# Raspberry Pi 4 UEFI Firmware - efi partition information - trying to get zfs on root on usb working



## decuser (Dec 19, 2022)

Where can I find more information about the msdosboot efi partiton?

I am trying to get my Raspberry Pi 4 working with ZFS on Root on an external usb drive.

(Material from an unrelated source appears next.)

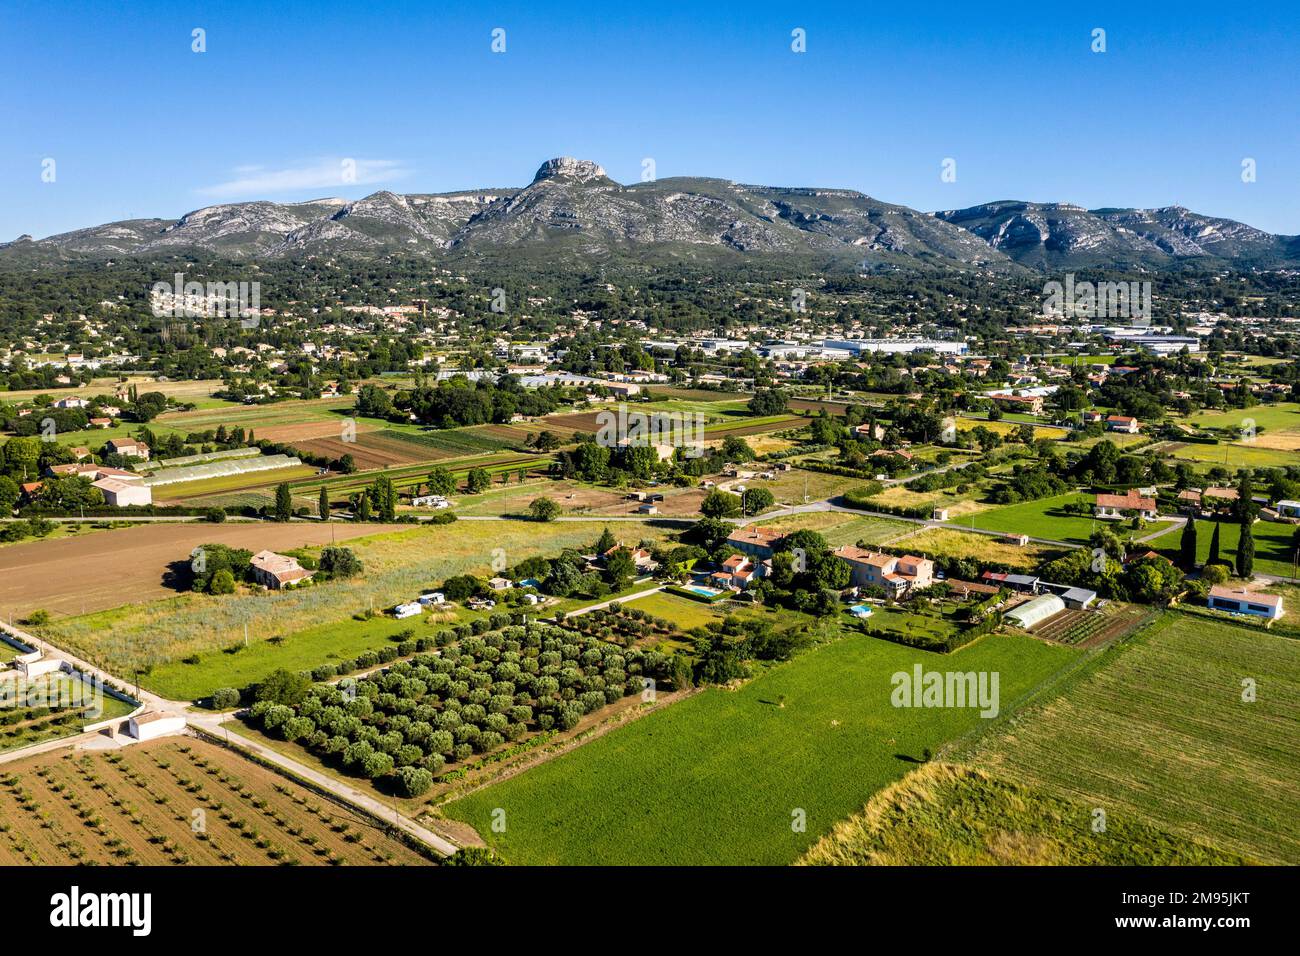 Aubagne (Südostfrankreich): Blick aus der Vogelperspektive auf ein landwirtschaftliches Gebiet am Stadtrand mit einem Industriegebiet und dem Garlaban-Massiv im di Stockfoto

What I have done that worked follows https://www.reddit.com/r/freebsd/comments/v4b5oj/freebsd_on_zfs_on_raspberry_pi/  and https://www.reddit.com/r/freebsd/comments/rzh6xh/comment/hrv68l2/ :

1. Get the FreeBSD-13.1-RELEASE-arm64-aarch64-RPI.img and burn it to a big sdcard (big enough to hold freebsd and copy of the image as well as whatever intermediate files are required... this process would prolly work from a regular system too, but hey, it works on the pi itself, too, given enough disk space)
2. Boot the pi
3. Get the FreeBSD-13.1-RELEASE-arm64-aarch64-RPI.img onto the booted freebsd fs
4. Insert the USB drive
3. Burn the image to the USB and resize the partitions to fill (run edited (da0, not da1) version of poster's dd.sh)
3. use mdconfig to create a memory device with the image
4. mount it
5. Blow away the USB ufs, create zfs - zroot, and populate it (run edited (zroot, not zpi) version of poster's zfs.sh)
6. Shutdown and remove the SD card
7. Boot the pi

It 'works' as in it boots up and can be used the same way the ufs version.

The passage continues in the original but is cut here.